Now we need to get the altered graphics back in the rom. To do this, you will need to employ a drag-and-drop approach, which any one who has been using a computer for more than a day should be familiar with. Just left-click the tile you want to put back in the rom and while still holding the left mouse button, drag the tile (the cursor will change) over to the tile in the rom window you want to replace. Release the left button when you've got it where you want the tile to go and voila! It's back in the rom. Rinse and repeat for each tile.
If you'll notice, the back part of our Fighter's new hat doesn't quite look right. Looks a little inconsistent, no? Well, using the Tile Editor window, we can smooth out that little rough spot. Before we do that, however, due to the way in which the Tile Arranger works (consult the Help file for more on this), we need to recopy from rom the tiles we just put over there, so as not to affect the Red Mage's tiles; re-read the first part of this document if you've forgotten how to copy tiles from rom into the Tile Arranger - it's the same process just the Fighter's tiles are now different.
First thing you want to do, is set up the colors in the Palette Editor window. These colors in no way reflect the final in-game colors, though; that information is stored elsewhere in the rom itself, so feel free to toy with the RGB values for each color as you see fit. Alternatively, you could import a palette (check the Help file for more on this). The number of colors available on the palette for use is entirely platform dependent. If you change the Viewing format, the number of colors on the palette will increase or decrease accordingly.

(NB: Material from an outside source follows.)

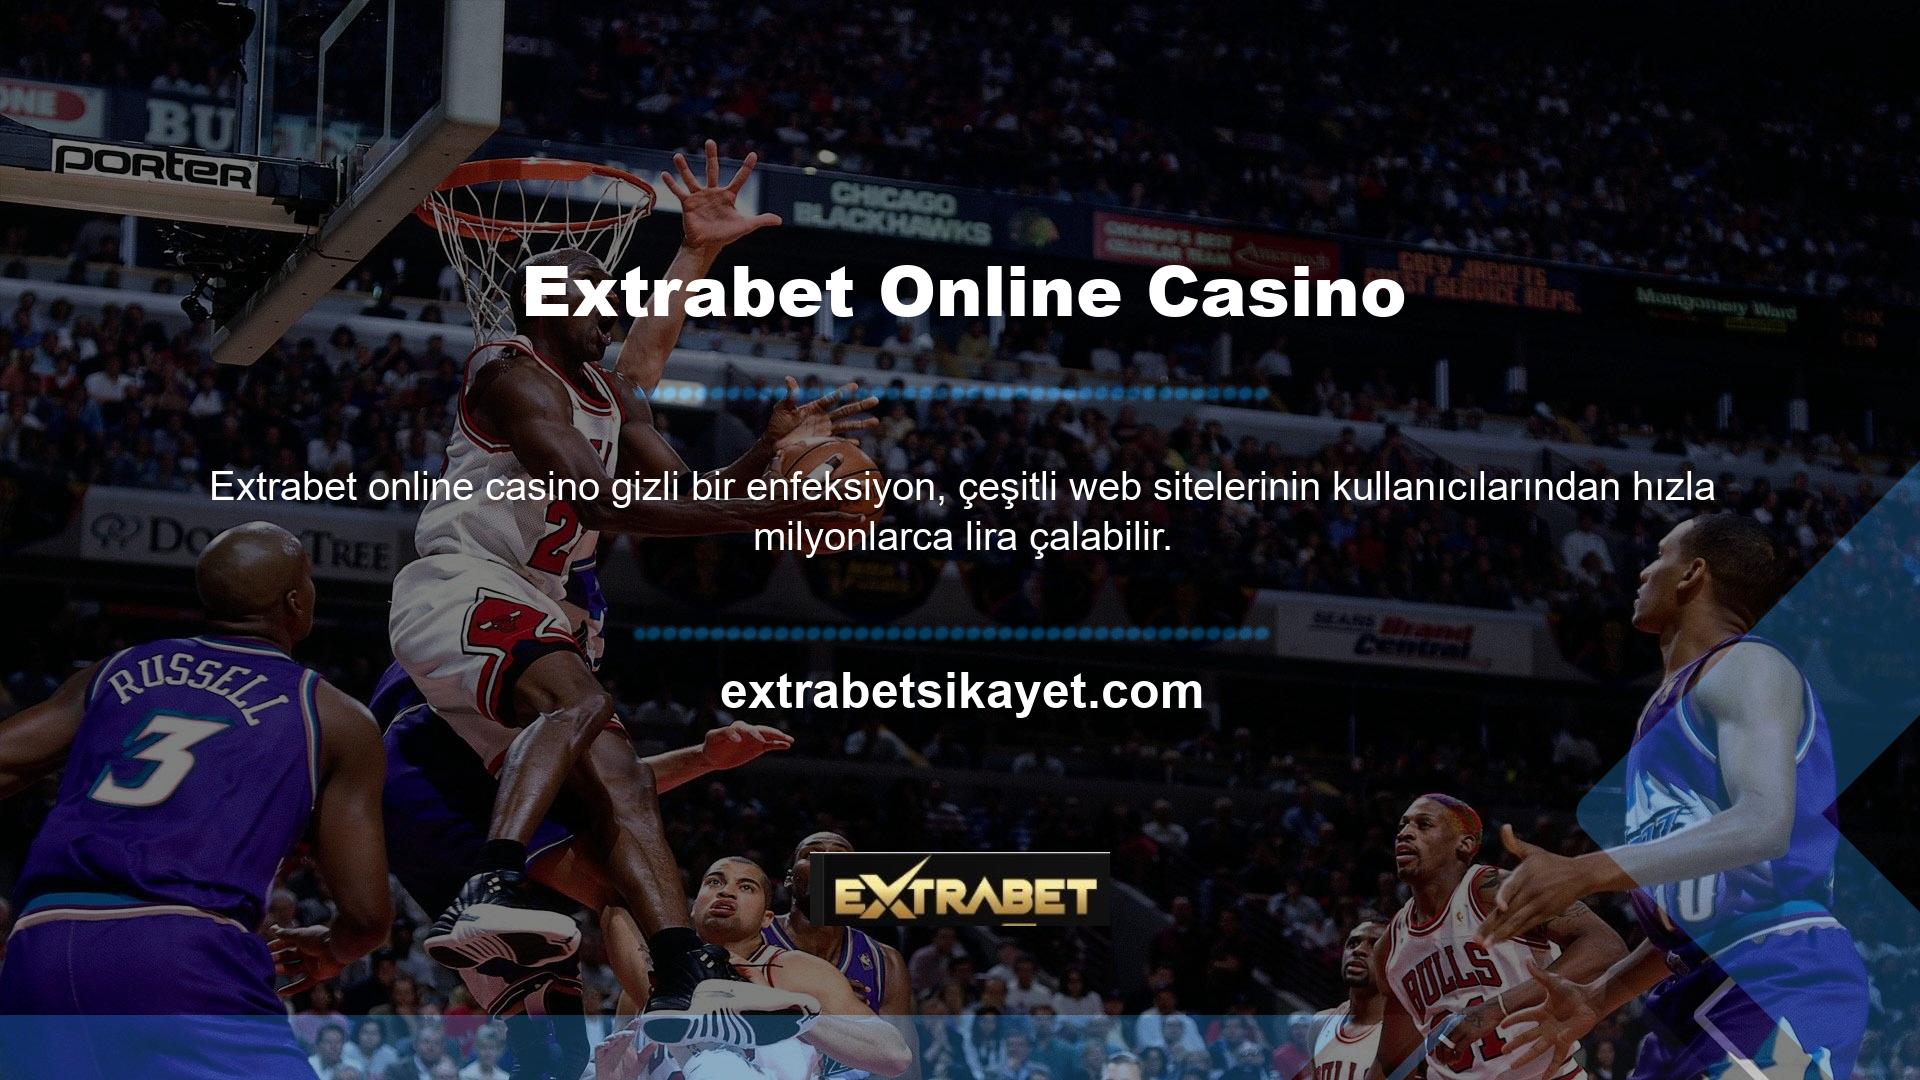 Sorgu şu şekilde tanımlanır: "Extrabet Online Casino’da hile yapmak mümkün mü, ancak izinleri kontrol etmek veya dosyayı istemek için bir bağlantı bulamıyorum?" Rehberlik arayın

In order to edit the selected tile in the Tile Editor, we need to set each mouse button with a color to draw. In the Palette Editor window, the color in the box in the foreground (green in the below screencap) is assigned to the left mouse button, and the color in the box in the background (black below) is assigned to the right mouse button. If you want to change colors, just click on which of the four available colors you want to change to. For example, if I wanted to change the right mouse button so that, instead of black, I'd have blue assigned to it, I would right-click the blue box. Same goes for the left button, except you'd select by left-clicking instead of right-clicking.
Actually editing the tile is simple. The Tile Editor works just like any of your standard pixel-based paint program (like MSPaint) would. You'll notice in the below screencap that I gave the Fighter some long hair over his armor and altered his right hand and arm so that they're more congruent with the original Fighter sprite. You'll also notice that the Red Mage and Fighter reference sprites were removed. I did this by clearing the Tile Arranger (under Edit on the taskbar) and then repasting the tiles I was working on.

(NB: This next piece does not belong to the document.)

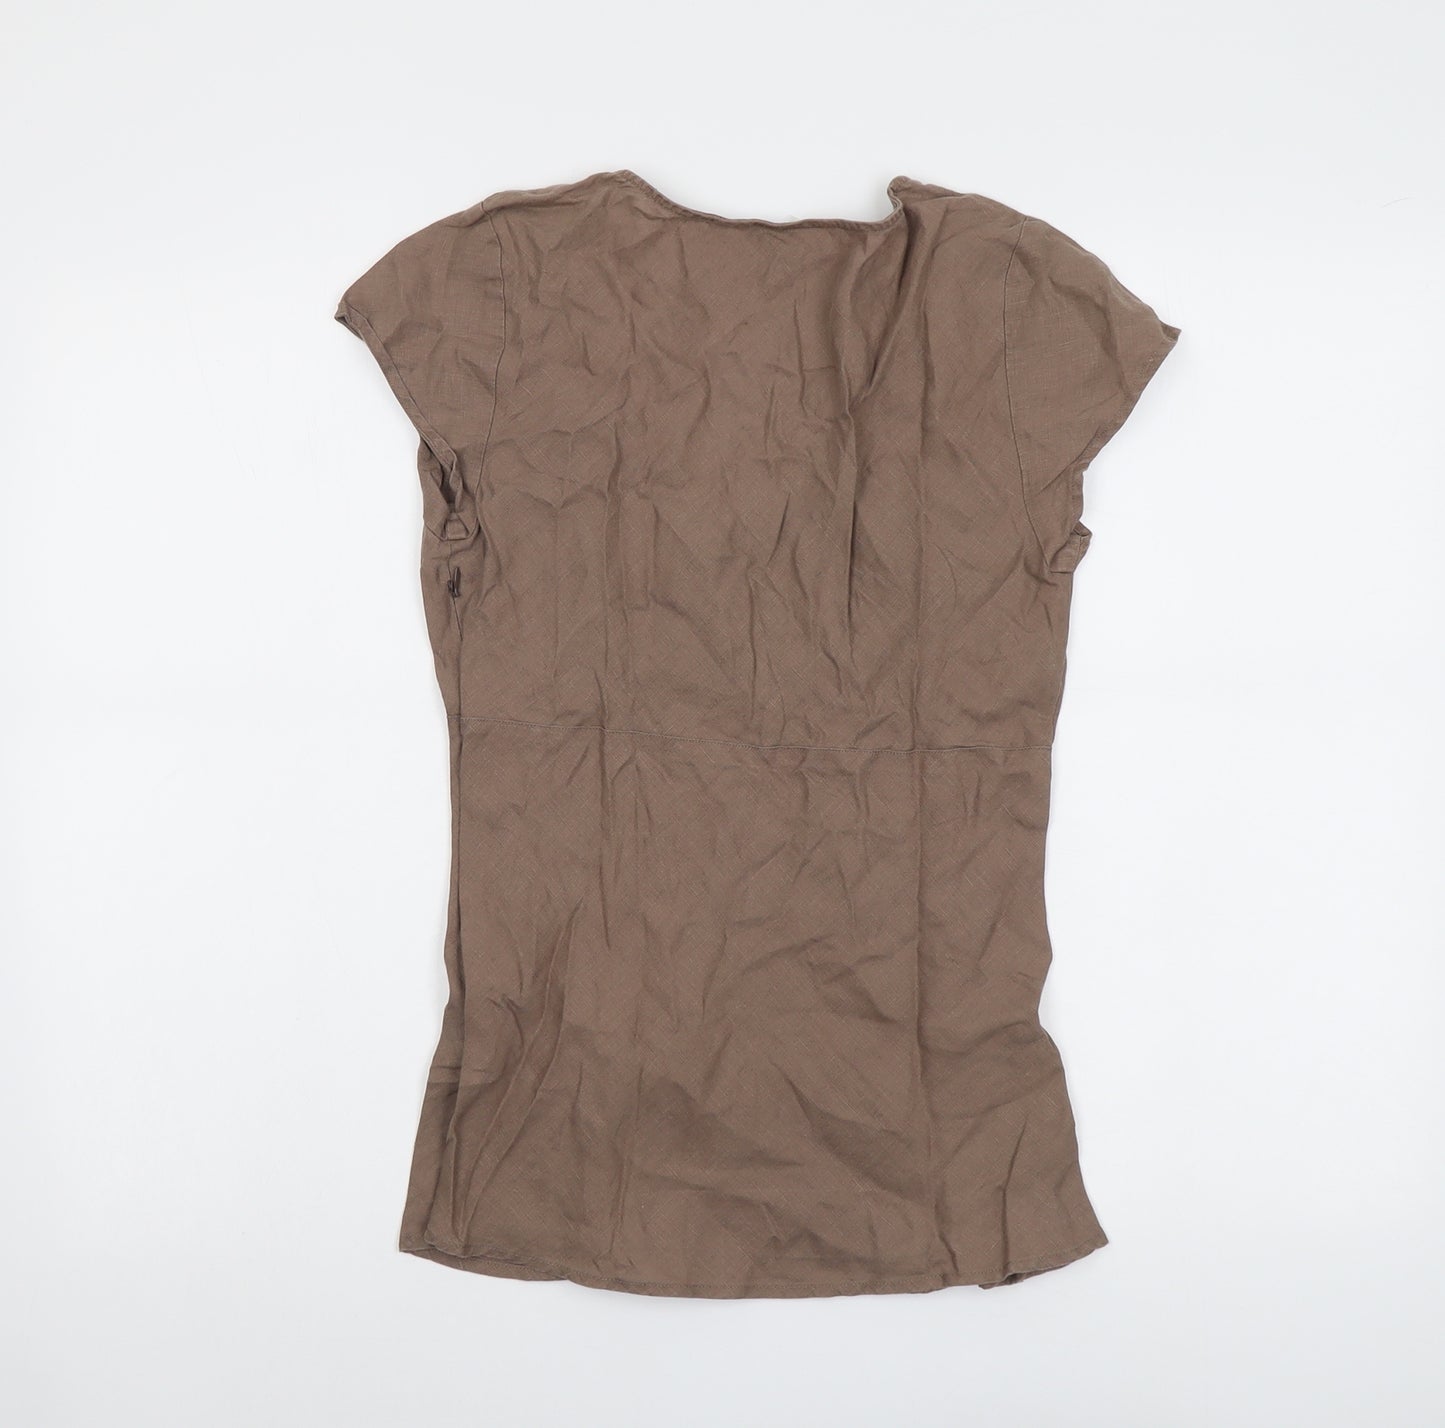 Boden Womens Brown Linen Basic Blouse Size 10 V-Neck

At this point, if you were to save this rom and play it until you got into a fight, you would notice that when the Fighter goes to attack, the animation will still contain certain parts of the original Fighter sprite. Why is this? Because we only edited a single sprite. To fix this, we will need to alter all of the tiles for the Fighter to reflect his sexy new hat and white locks. Basically, you just have to repeat the above process for each sprite. I'll leave that to you.
That's pretty much it folks. Every game is different, so if you can't find the graphics, try using different viewing formats. If you still can't find the graphics you want to change, they might just be compressed. If they are, you'll most likely need to do some assembly level hacking in order to decompress them. Again, this is beyond the scope of this tutorial. Ask around on the Romhacking.net boards if you need help with this or any other topic!